Madame was seized at that moment with a wheezing asthmatic cough.

“I had a bad night,” she said pantingly, “and have no breath to spare. Tell her what to get me, Mary.”

Thirty years ago Madame Le Conte was a slender, graceful girl, with a clear olive complexion, delicate features, ruby lips, bright black eyes, and lively, engaging manners; now she was an overgrown, gross-looking, middle-aged, or rather elderly, woman, immensely fat, tortured with asthma, gout and sundry kindred ailments, dull, heavy, and uninteresting, nervous, irritable, childishly unreasonable and changeable, full of whims and fancies—a wretched burden to herself and all about her.

Rolling in wealth, she constantly sighed over the sad fact that there were none of her own kith and kin to inherit it, and that the service rendered her was not the service of love, but merely of self-interest.

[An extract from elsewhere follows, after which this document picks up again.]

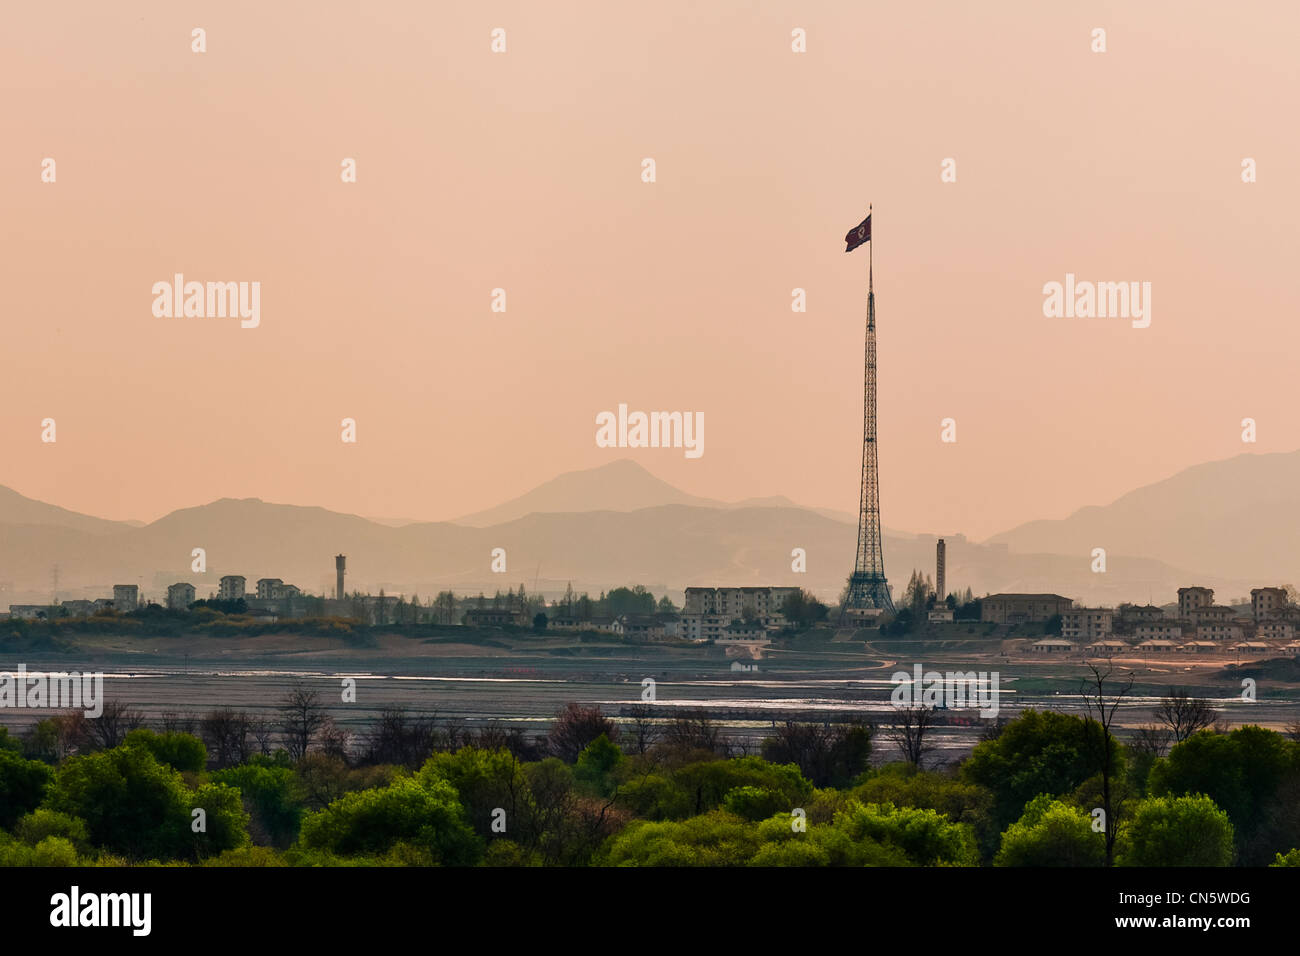 South Korea, Gyeonggi Province, Panmunjom, Joint Security Area (JSA), view of Kijong-Dong where there is a huge pole on top of Stock Photo

Mary, her personal attendant, had been with her many years, thoroughly understood her ways, and knew how to minister to her wants as no one else did; and quite aware of the fact, sometimes took advantage of it to scold her mistress when much tried by her unreasonable demands, threatening to leave, and occasionally even refusing to obey orders, when Madame would angrily dismiss her, but on being seemingly taken at her word, would relent, burst into tears and pathetic entreaties, and buy a reconciliation with fair promises, increased wages, or expensive presents.

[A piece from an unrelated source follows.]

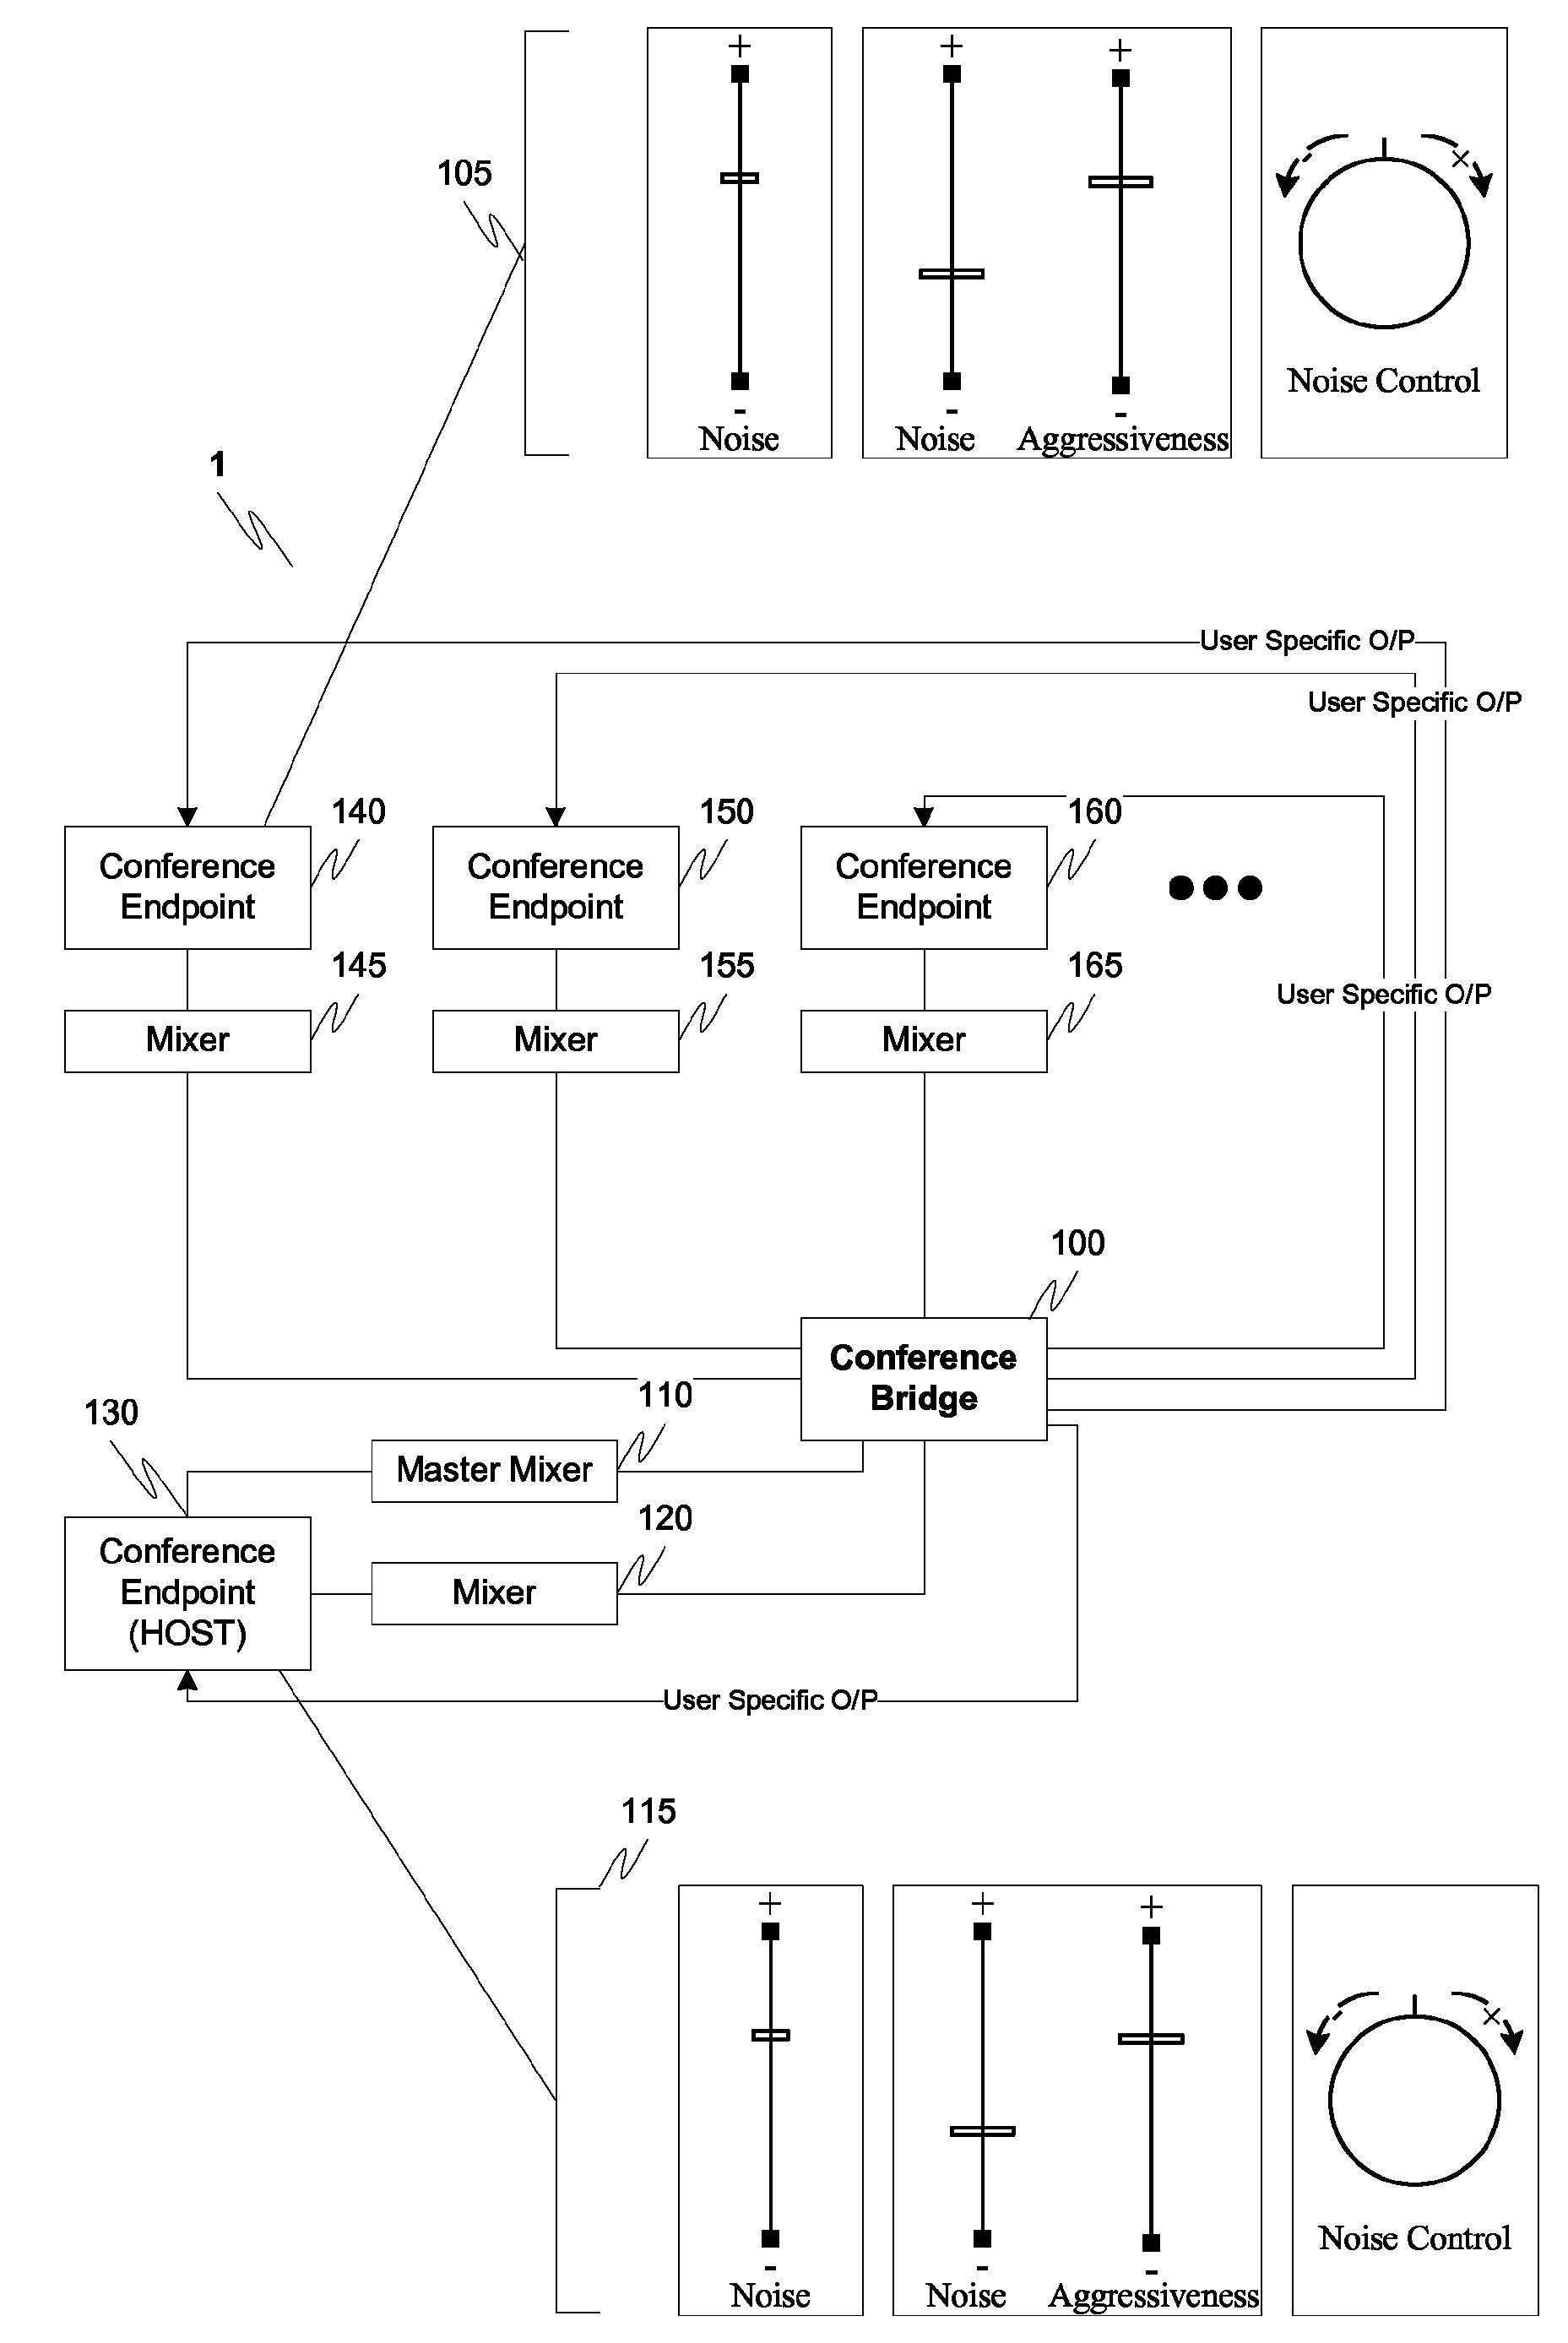 Variable noise control threshold

Madame wore a cork hand; how she had come to be deprived of her good right hand no one knew or dared ask, for she was extremely sensitive in regard to her loss, and would not endure the slightest allusion to it. Mary removed the artificial limb at night and replaced it in the morning without question or comment, and made it part of her business to divert the idle curiosity of others from this deformity of her mistress. This she did without waiting for instructions; for Mary had a heart, and often pitied the poor rich cripple from its very depths.

“Yes, she had a bad night, so don’t make her talk any more,” she said to Kathleen as she carefully laved her mistress’s face and hand. “She’ll have a broiled sweet-bread—”

“No, no, let it be stewed; I’ll have it stewed,” interrupted the Madame.

Mary completed the bill of fare as given by her mistress a few moments before, and Kathleen turned to go, but had scarcely reached the door when she was called back.

“Waffles, waffles, Katty,” wheezed her mistress.